Pour tout dire, je désire même ouvrir davantage qu'aujourd'hui ce lieu spécial aux grandes conférences internationales, pour que le Salon de l'Horloge résonne toujours des échos de l'histoire à faire. Je suis d'accord avec vous : quand on a le Quai d'Orsay, on ne le quitte pas, pas plus que l'on ne songe à envoyer l'Académie française tenir conclave au Futuroscope.
Là s'arrête le malentendu. Car pour le reste, c'est bien vrai : je souhaite que les services de mon ministère puissent enfin bénéficier de conditions de travail modernes et décentes, en un lieu unique, ce qui implique de faire quitter à ceux qui s'y trouvent l'enceinte du Quai d'Orsay. C'est que, voyez-vous, Cher Maurice Druon, il n'y a pas que les lambris qui comptent : l'administration centrale de la diplomatie française est aujourd'hui éparpillée sur onze sites, son énergie s'égare dans les multiples tracas de la capitale.
Derrière le Quai et ses salons prestigieux, il y a des agents qui travaillent entassés, privés parfois de facilités essentielles. Trouvez-vous normal que le siège d'un ministère comme le mien ne compte aucune - j'écris bien aucune - salle de conférence adaptée à la traduction ? Je pourrais vous inviter à faire le tour d'un Quai d'Orsay que vous ne connaissez pas, avec ses bureaux surpeuplés, ses archives comprimées, son informatisation difficile, ses couloirs encombrés. Au-delà du respect dû aux serviteurs de l'État - et l'on ne s'engage pas dans la carrière pour pantoufler, on y reste -, mon devoir de ministre est d'améliorer l'efficacité de notre activité diplomatique, plus cruciale que jamais à l'heure de la mondialisation. La diplomatie n'est pas un musée.

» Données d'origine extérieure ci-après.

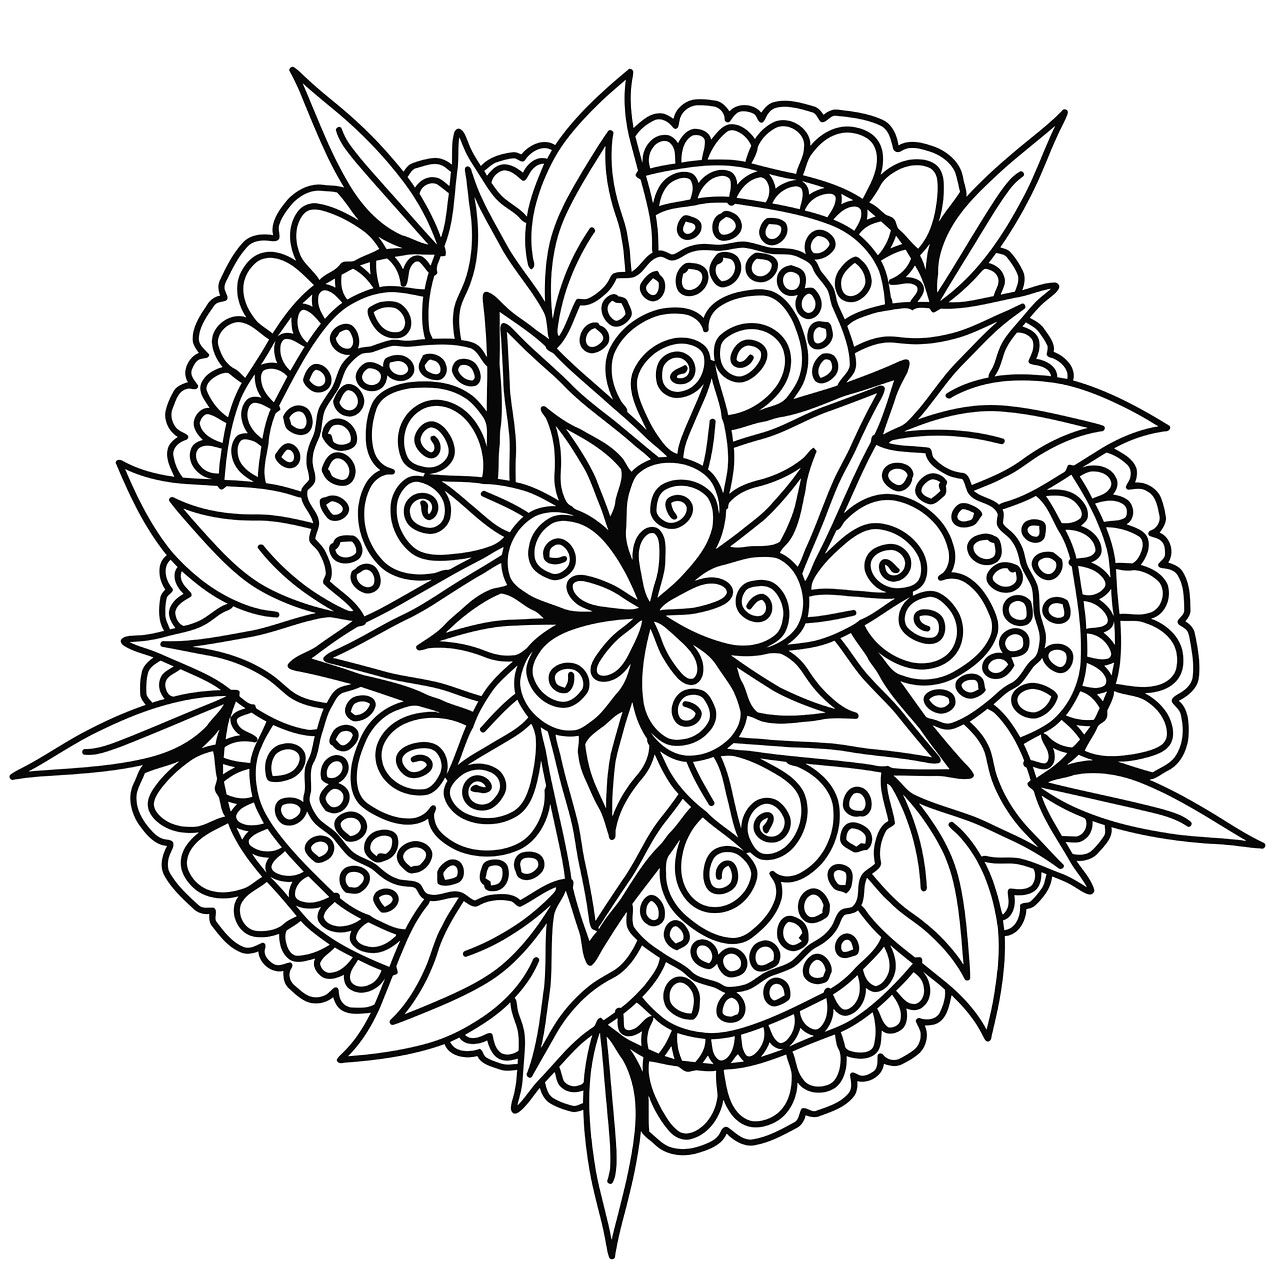 Klare Linien für ein handgezeichnetes Pflanzenmandala mit schönen Blättern, Blumen und abstrakten Elementen.

Cette décision prise, reste à trouver un site qui puisse offrir en un seul lieu et pour tous les agents du ministère ces conditions d'efficacité et de modernité. Ce choix-là n'est pas fait. Plusieurs hypothèses sont à l'étude de manière publique et transparente, vous en avez d'ailleurs mentionné certaines, non sans ironiser - l'île Seguin, Issy-les-Moulineaux, Saint-Vincent-de Paul et la ZAC rive-gauche. Votre ironie m'échappe : beaucoup de gens ont choisi de vivre et de travailler près de ces sites, nombre de grandes entreprises y ont implanté leur siège. Quel est donc le périmètre "noble" dont un grand ministère ne saurait s'écarter sans déchoir ? Ce préjugé ne me paraît guère républicain. Laissez-moi vous dire qu'en tout cas, il ne m'embarrasse pas. Les services du ministère des Affaires étrangères iront s'établir sur le site le mieux adapté à leurs priorités de fonctionnement, dans le respect de l'opinion de leurs agents et des deniers du contribuable. Car, cela va de soi, cette opération n'entraînera aucun coût net pour le budget de l'État.

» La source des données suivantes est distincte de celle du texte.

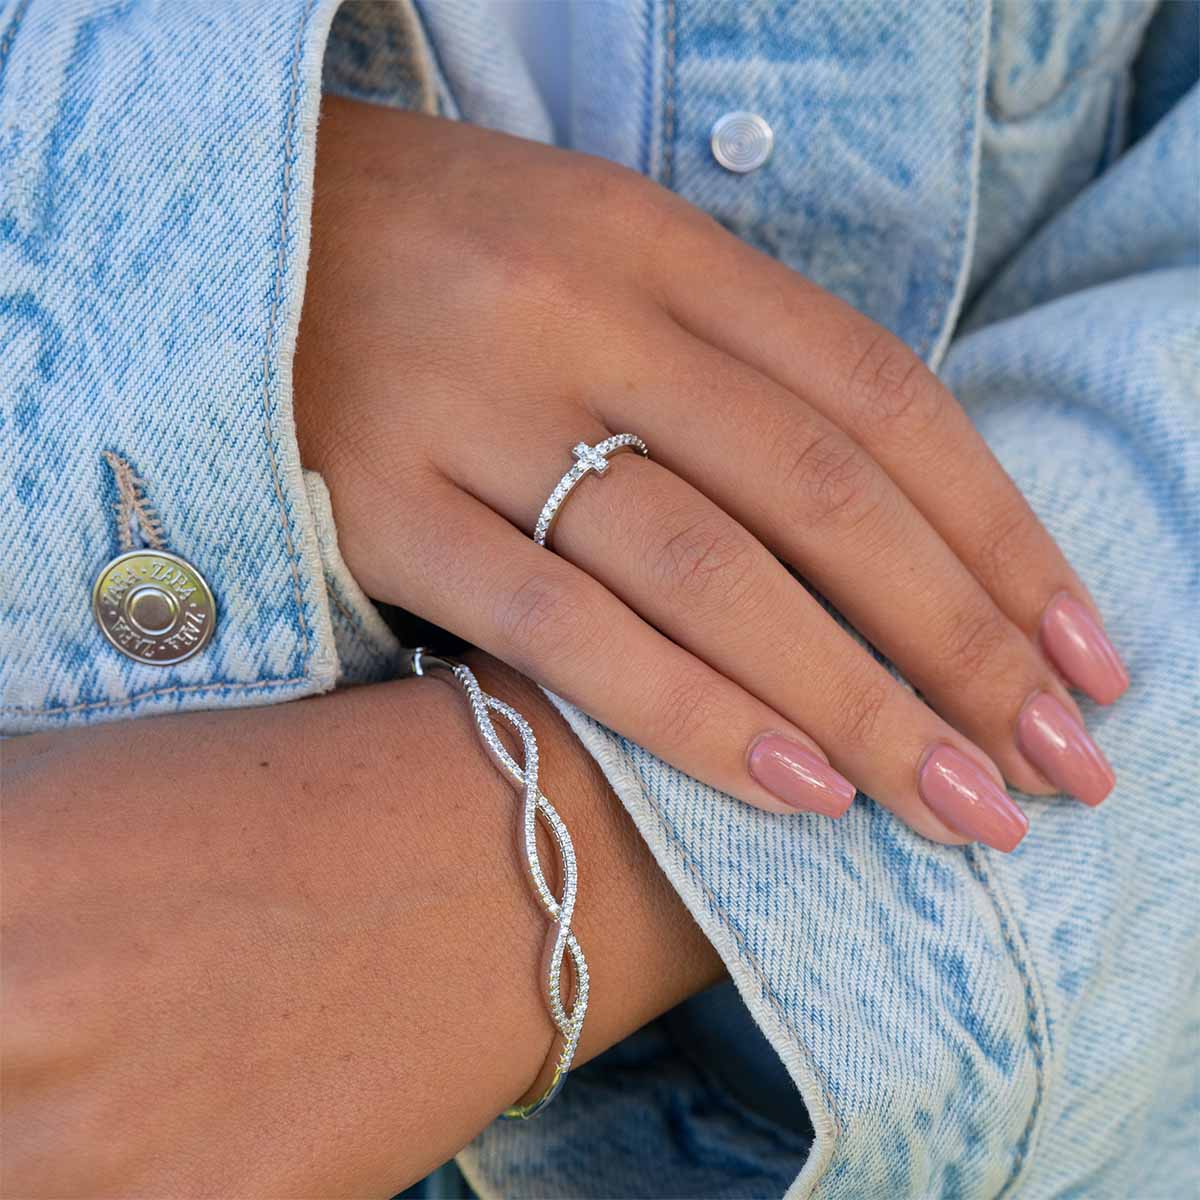 Cute silver twisted bracelet on wrist

Je n'ose espérer, Monsieur l'Académicien, avoir apaisé certaines de vos inquiétudes. Certes, la modernité d'un site ne garantit nullement la modernité des idées qui s'y préparent. Pour autant, toute activité ne mérite-t-elle pas un minimum de moyens et de confort ? L'écrivain le plus talentueux n'a-t-il pas besoin d'un crayon bien taillé et d'un lieu calme et serein où se sentir inspiré ?
(Source http://www.diplomatie.gouv.fr, le 25 février 2005)
Monsieur l'Académicien, une fois n'est pas coutume, vous fûtes mal renseigné : l'État n'a aucune intention d'abandonner le Quai d'Orsay. Le Palais des Affaires étrangères, dont vous rappelez justement qu'il fut construit il y a 150 ans pour recevoir dignement les hôtes de la France, conservera cette fonction, qu'il remplit admirablement.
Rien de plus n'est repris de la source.